Interestingly, the synergy between DARA and LEN/BORT treatment was also apparent for cells from the five LEN/BORT-resistant patients (Figure 1d, as illustrated by the fact that observed levels of MM cell lysis with DARA/LEN/BORT treatment were significantly higher than the expected levels of MM cell lysis, calculated on the assumption that there was no treatment interaction). Although we have only been able to evaluate a small number of samples from resistant patients to date, this remarkable synergy suggests the maintenance of anti-tumorigenic properties of LEN and BORT, despite the development of drug resistance.
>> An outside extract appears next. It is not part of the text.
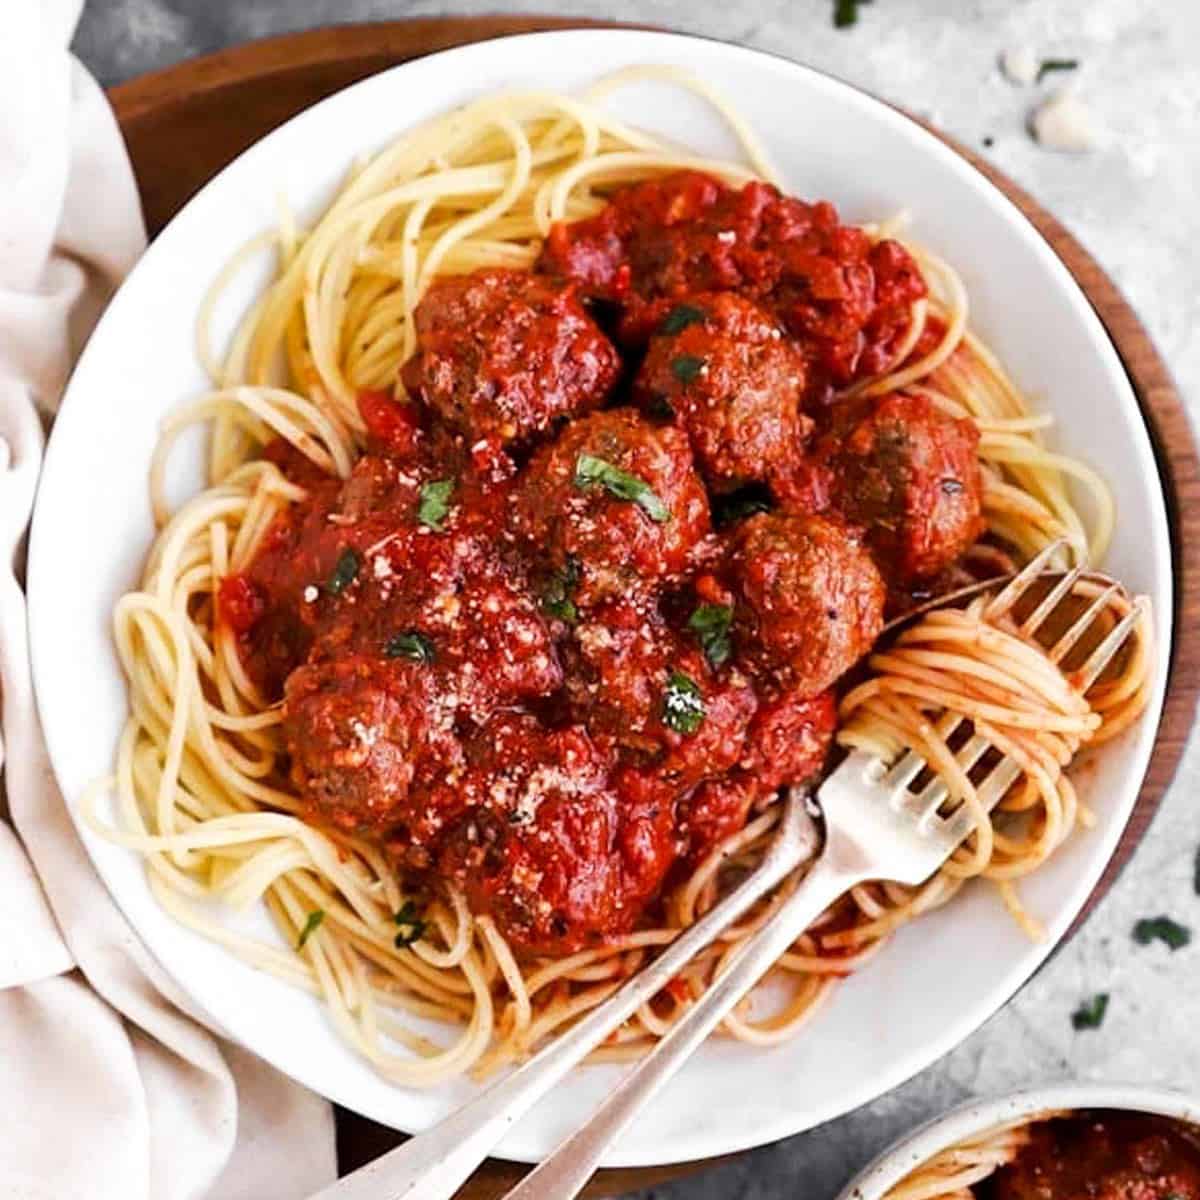 It's Skinny Pasta Review with Meatballs

Taken together, these results indicate the potential clinical benefits of combining DARA with these two novel anti-MM agents and warrant further investigation even in patients who are low responders or have become resistant to the latter drugs.
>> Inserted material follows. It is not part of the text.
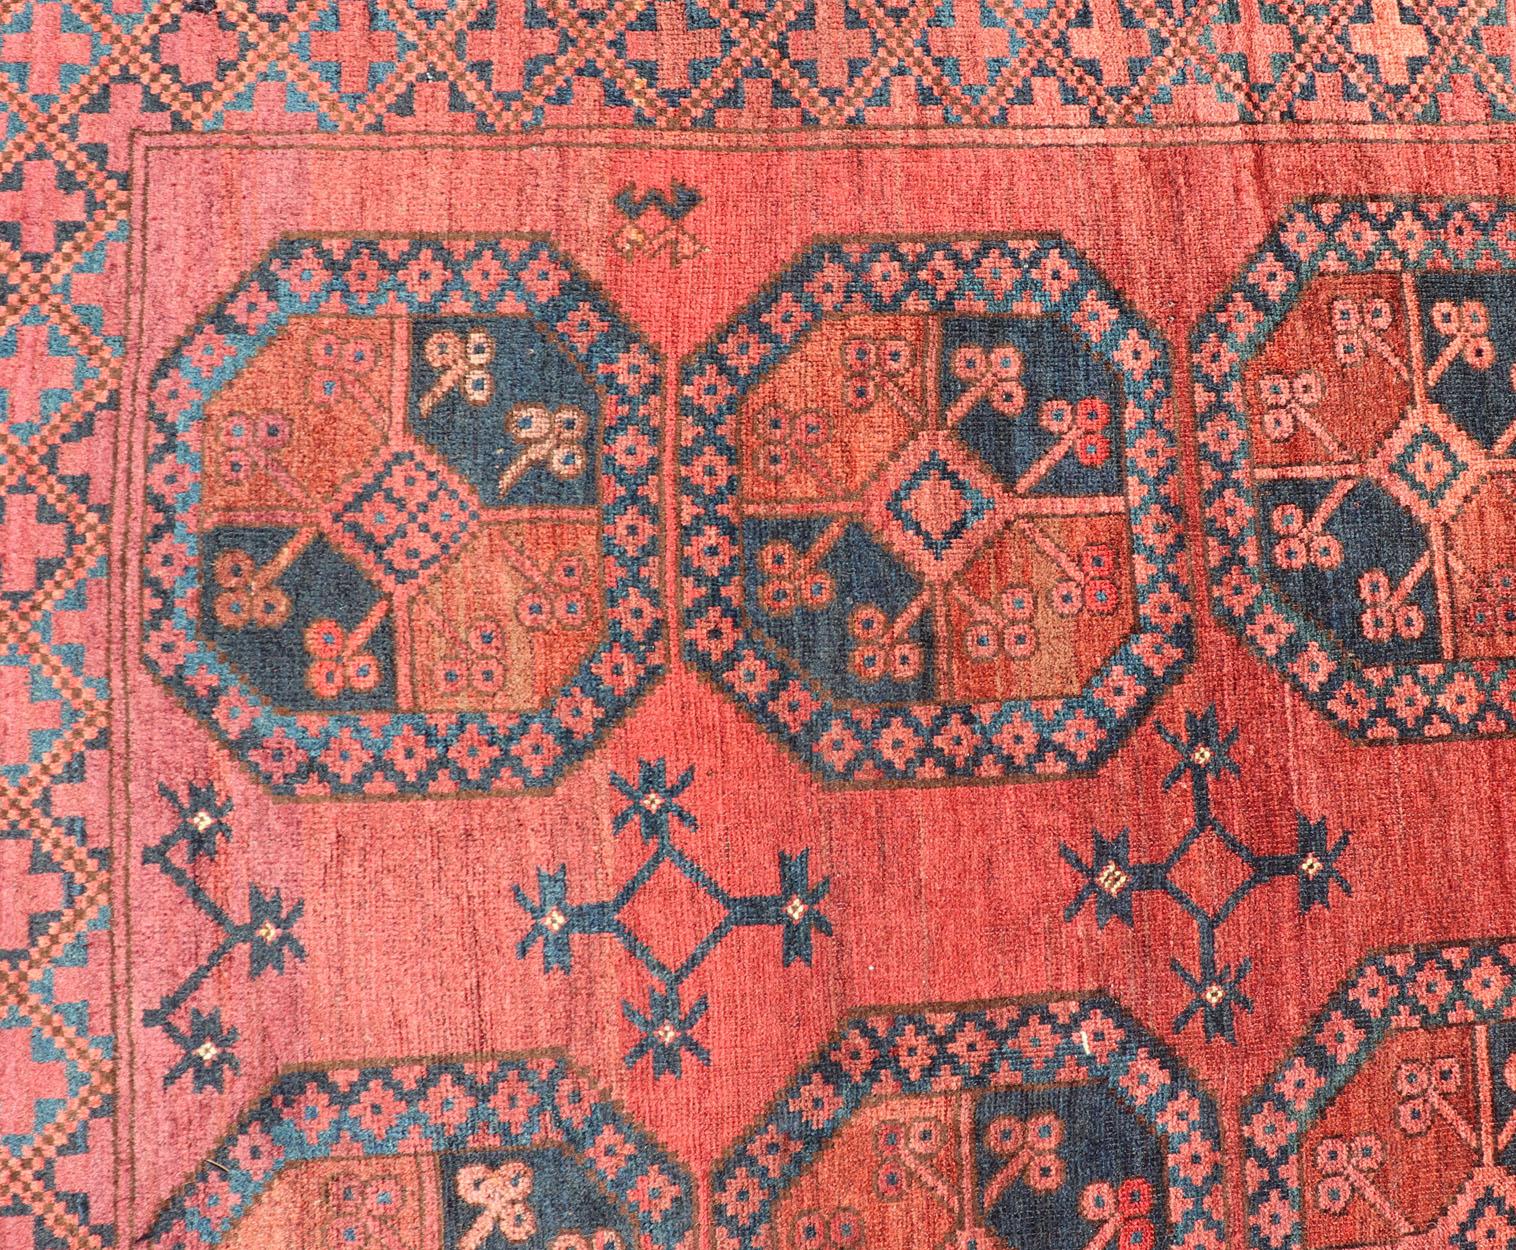 Hand-Knotted Turkomen Ersari Rug in Wool with Gul Design in Red, Orange and Blue For Sale 8

After showing the potential benefits of combining DARA with LEN and BORT, our further investigation focused on two recently introduced and so far the most successful first-line combination therapies based on these two novel agents, namely the triple combinations of LEN, BORT, DEX, abbreviated as RVD, and of MEL, PRED, BORT, abbreviated as MPV. To assess the impact of combining DARA with these combination chemotherapies, we prepared cocktails of these agents, by mixing them at concentrations causing ±30% of the maximal lytic effect on various MM cell lines (data not shown). We then incubated BM-MNC of MM patients with serial dilutions of these cocktails alone or in the presence of DARA and assessed MM cell lysis. As expected, cocktails of RDV (Figure 2a) as well as MPV (Figure 2b) induced dose-dependent lysis of MM cells. Addition of DARA to both RDV and MPV significantly increased the treatment efficacy by almost doubling the lysis levels especially at lower doses of the cocktails. These results illustrate that targeted immunotherapy of MM by DARA holds a significant potential to improve the clinical outcome of currently available novel combination therapies.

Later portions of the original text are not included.